We Build AI Agents the Same Way We Build Trading Systems
Because in regulated industries, wrong answers have consequences.
When you build a trading bot, the rules are unforgiving. The data pipeline either works or it doesn't. The decision logic is either deterministic or it isn't. The audit trail either exists or you're in trouble. There is no "mostly correct." A bot that fires the wrong order at the wrong price costs real money in real time — and no one accepts "the model was confident" as an explanation.
We have been building systems like that for over 10 years.
When pharma, banking, and insurance companies started asking us about AI — not chatbots, not demos, but production AI that reasons over internal documents and helps teams make defensible decisions — we realised we already knew how to think about this problem. We just needed to apply the same discipline to a different domain.
This is how we do it.
The Problem Nobody Says Out Loud
Your organisation has accumulated years of internal knowledge. SOPs. Regulatory submissions. Credit policies. Claims records. Batch data. Audit reports. Every time a new regulation lands, every time a product changes, every time an experienced employee leaves — that knowledge base grows, shifts, and becomes harder to navigate.
Right now, someone on your team is spending two or three hours answering a question that exists in a document on your own server.
That is not a knowledge problem. It is a retrieval problem.
The instinct is to reach for a cloud AI tool. Upload the documents, ask questions, get answers. It works in a demo. Then your compliance officer asks where the data goes, and the conversation ends.

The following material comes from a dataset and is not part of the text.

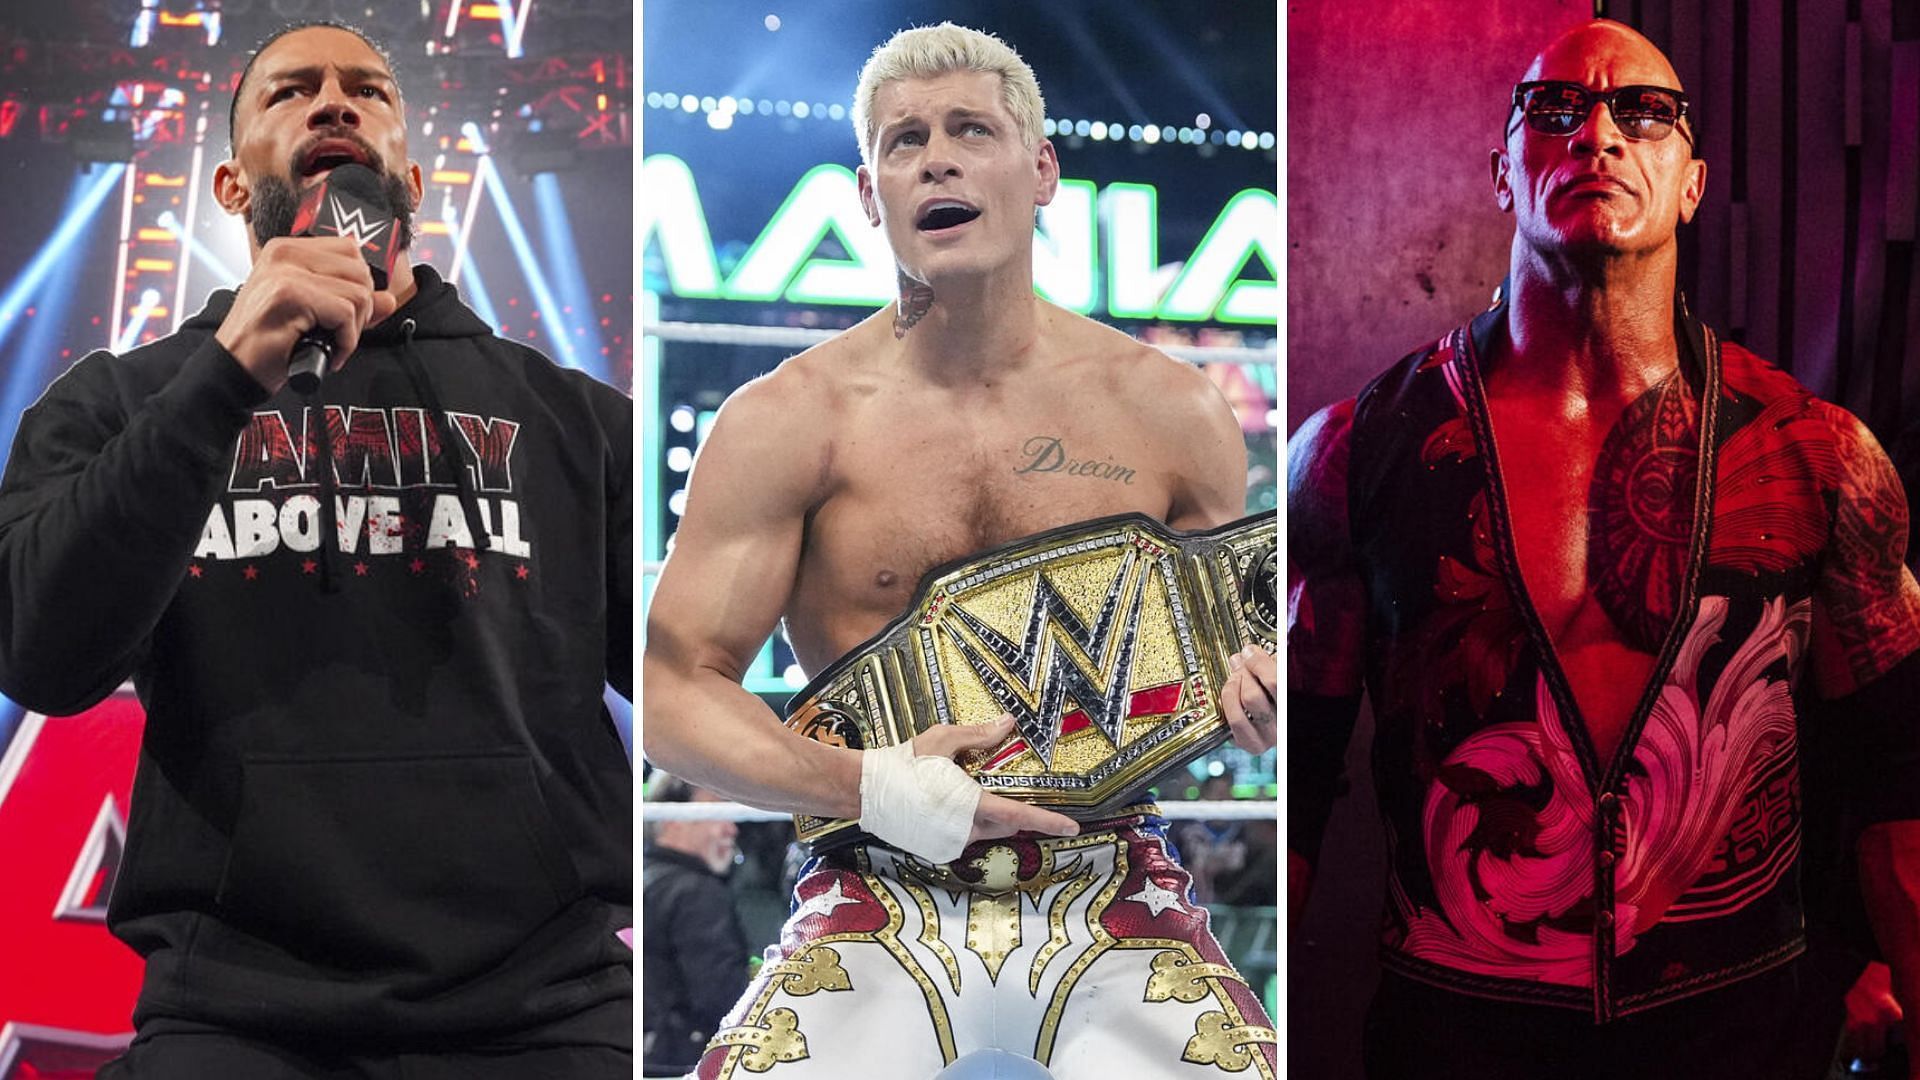 Cody Rhodes will have to deal with The Rock and Roman Reigns in the future

Because it cannot go anywhere. Not for a pharma manufacturer with CDSCO filings. Not for a bank under RBI data localisation rules. Not for an insurer handling policyholder records under IRDAI guidelines. Not for an NBFC with SEBI scrutiny.

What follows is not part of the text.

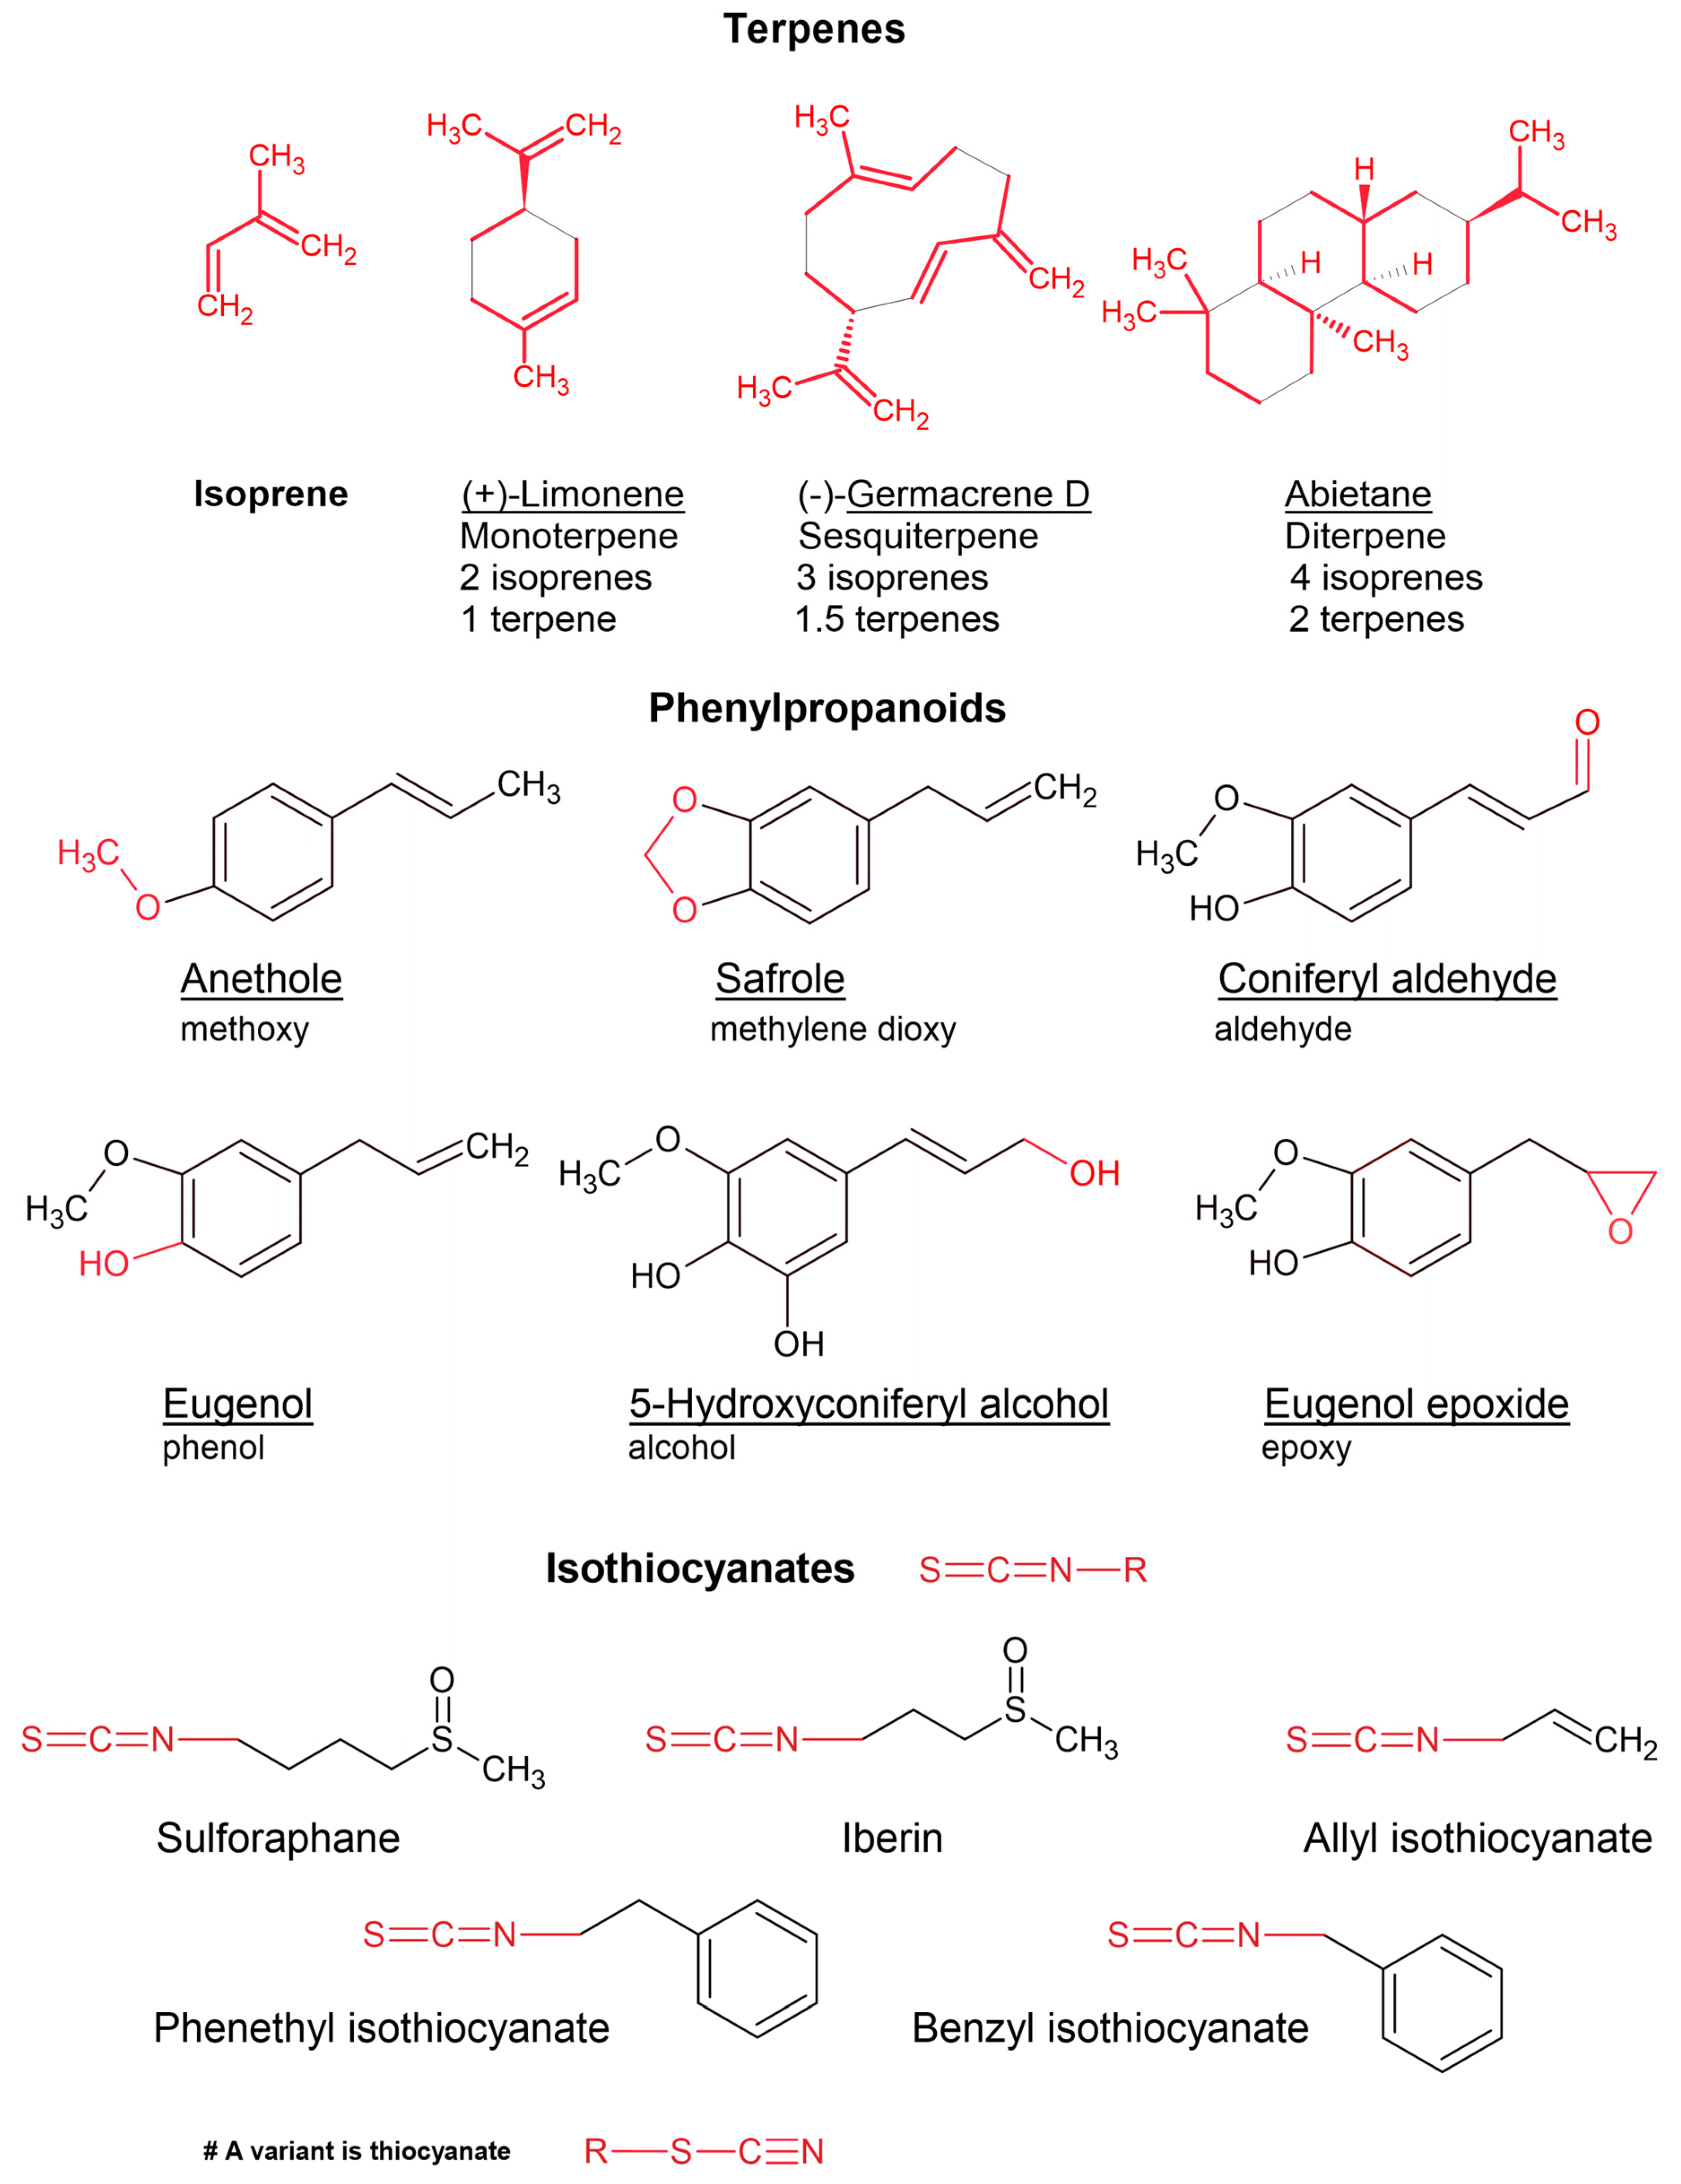 Essential Oil Research: Trends in Biosynthesis, Analytics

The data has to stay inside. Which means the AI has to come inside too.
What We Actually Built
We are not reselling a SaaS platform with a custom front end. We are writing the code.
The architecture is called Retrieval-Augmented Generation with Agentic orchestration — RAG + Agents for short. Here is what that means in plain terms:
Step 1 — Your documents become searchable by meaning, not just keywords. We ingest everything: PDFs, Word files, scanned records, database exports. We parse them, chunk them intelligently — not by character count, but by semantic boundaries — and convert them into vector representations stored in a private database on your infrastructure. No document leaves your server.
Step 2 — A locally hosted language model reads only what it retrieves. When someone asks a question, the system finds the most relevant document sections from your private index and hands them to an open-source language model running on your hardware. LLaMA 3. Mistral 7B. Phi-3. Models that match or exceed GPT-3.5 performance on most enterprise benchmarks, running entirely within your walls, at roughly one-tenth the per-query cost of a cloud API at scale.
Step 3 — Every answer cites its source. This is non-negotiable for us, the same way an audit trail is non-negotiable in a trading system. If the model cannot point to the exact document section behind its answer, it does not answer. It says it does not know. That is the correct behaviour.
Step 4 — Agents handle multi-step workflows. A single RAG call answers a question. An agent completes a task. It can query your documents, check against a database, flag an inconsistency, draft a pre-populated report, and route it for human review — all in one orchestrated workflow. We build these using LangGraph and LlamaIndex, the same frameworks that power production enterprise deployments at scale globally.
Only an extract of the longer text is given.